Ok I didn’t read it. what’s the tldr?

light trace go brrrr.

Appendix A

symbol soup for sale!

We are really trying to solve the rendering equation here.

Veach does a better job than me formalizing this (obviously) but we are trying to find the incoming light at a given point and direction. We’ll define a few terms here:

$L_i$ and $L_o$ are very closely related functions! In fact, we can define them in terms of eachother: $$L_o(\mathbf{p}, \vec{\omega}_o) = \int_\Omega f(\mathbf{p},\vec{\omega}_i, \vec{\omega}_o) L_i(\mathbf{p}, \vec{\omega}_i) | \vec{\omega}_i \cdot \vec{n} | d\vec{\omega}_i$$ $$L_i(\mathbf{p}, \vec{\omega}_i) = L_o(\mathbf{p}’, \vec{\omega}_i) + L_e(\mathbf{p}’, \vec{\omega}_i)$$ where $\mathbf{p}’$ is the nearest intersection between the ray $(\mathbf{p}, -\vec{\omega}_i)$ and the scene. Note that it’s negative because it’s an incoming direction.

The one term we haven’t discussed is the $| \vec{\omega}_i \cdot \vec{n}|$ term. This is the incident angle term, and the short version is that if light hits at an angle, it is more spread out compared to being fully concentrated at the point of intersection. The dot product gives us the cosine of the smallest angle between the two vectors, so this will weigh things by how directly they strike the intersection point.

Putting everything together, we have that the outgoing light at a point $\mathbf{p}$ is the the contribution of all the light incoming over the hemisphere, factored by the BRDF and the incident angle.

There are two questions I’d like to answer in this section that are relevant to the post.

  1. How does this equation show up in the implementation
  2. How does our sampling solve this equation

We’ll tackle the first point first. Notice how our renderer effectively implements $L_i$, except our direction points the other way We trace a ray into the scene repeatedly, and get an intersection point, where we ask what $L_o$ at that point is. Our implementation function integrate is iterative, but we can actually derive it from a fully recursive form:

$$ \begin{align*} L_i(\mathbf{p}, \vec{\omega}_i) = L_o(\mathbf{p}’, \vec{\omega}_i) + L_e(\mathbf{p}’, \vec{\omega}_i) = \int_\Omega f(\mathbf{p}’,\vec{\omega}_i, \vec{\omega}) L_i(\mathbf{p}’, \vec{\omega}) | \vec{\omega} \cdot \vec{n} | d\vec{\omega} + L_e(\mathbf{p}’, \vec{\omega}_i) \newline =\int_\Omega \left[L_o(\mathbf{p}’’, \vec{\omega}) + L_e(\mathbf{p}’’, \vec{\omega})\right]f(\mathbf{p}’, \vec{\omega_i}, \vec{\omega}) | \vec{\omega} \cdot \vec{n} | d\vec{\omega} + L_e(\mathbf{p}’, \vec{\omega}_i) \text{ (by expanding } L_i \text{)} \end{align*} $$ We’ll expand this one more time just to see, but this does go on infinitely. We’ll let $f(\mathbf{p}’, \vec{\omega_i}, \vec{\omega}) = \alpha$ and $| \vec{\omega} \cdot \vec{n} | = \beta$ to save space.

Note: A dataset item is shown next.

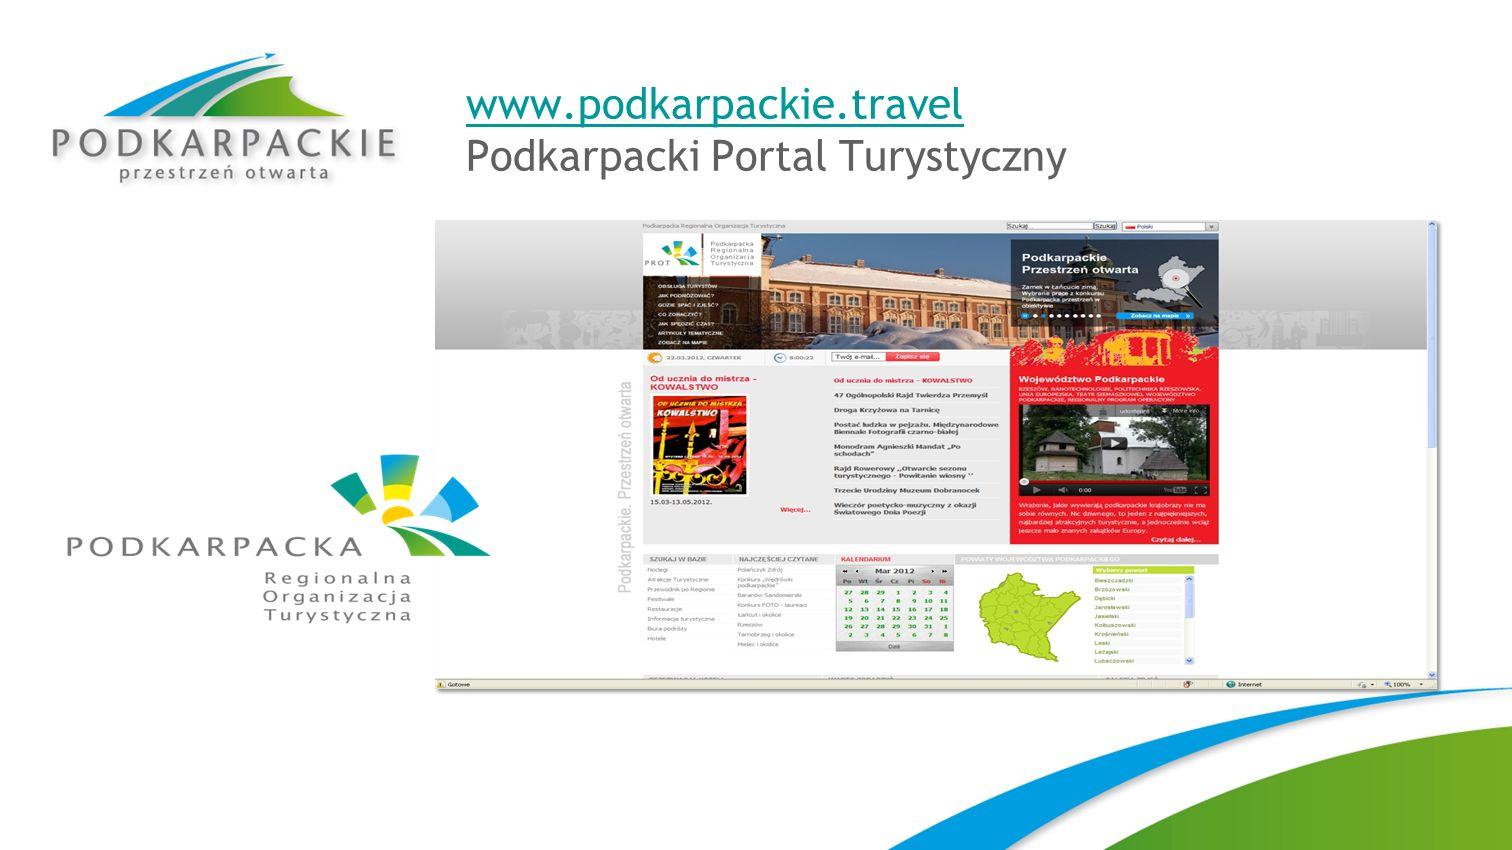 www.podkarpackie.travel www.podkarpackie.travel Podkarpacki Portal Turystyczny

$$ \begin{align*} =\int_\Omega \left(\left[ \alpha\beta \cdot \int_{\Omega’}f(\mathbf{p}’’, \vec{\omega}’, \vec{\omega})L_i(\mathbf{p}’’, \vec{\omega}’) |\vec{\omega}’ \cdot \vec{n}| d\vec{\omega}’ \right] + \alpha\beta L_e(\mathbf{p}’’, \vec{\omega}) d\vec{\omega}\right) + L_e(\mathbf{p}’, \vec{\omega}_i) \end{align*} $$

Some things to notice - we want to pick up these $\alpha \beta$ terms as we go, and if you look towards the right hand side of the equation we are accumulating the $L_e$ at different hit points throughout, while continuously mulitplying by $\alpha \beta.$ A fully [tail :)] recursive way to do this would be to have a function akin to

L_i(p,w):
    q <- get an intersection point
    get material
    d <- sample a new direction
    return alpha * beta * L_i(q,-d) + L_e(q,w)

We can avoid the overhead of recursion and reason about this better by doing a loop:

L_i(p,w):
    throughput <- 1
    acc <- no color
    for # of bounces:
        q <- get an intersection point
        get material
        d <- sample a new direction

        acc += L_e(q,w) * throughput
        throughput *= alpha * beta
        p <- q
        w <- d
    return acc

Note that this isn’t fully equivalent, because in the recursive version we didn’t specify how many bounces to go. Technically, it should be infinite, but in most scenes the throughput will fall off very quickly, so setting the maximum number of bounces at 10 is more than reasonable. This does bias our tracer! One way to get around this is through russian-roulette sampling: we want to have the chance of going to infinite bounces, but since most contributions at that point are useless, we’ll do some probabilistic culling.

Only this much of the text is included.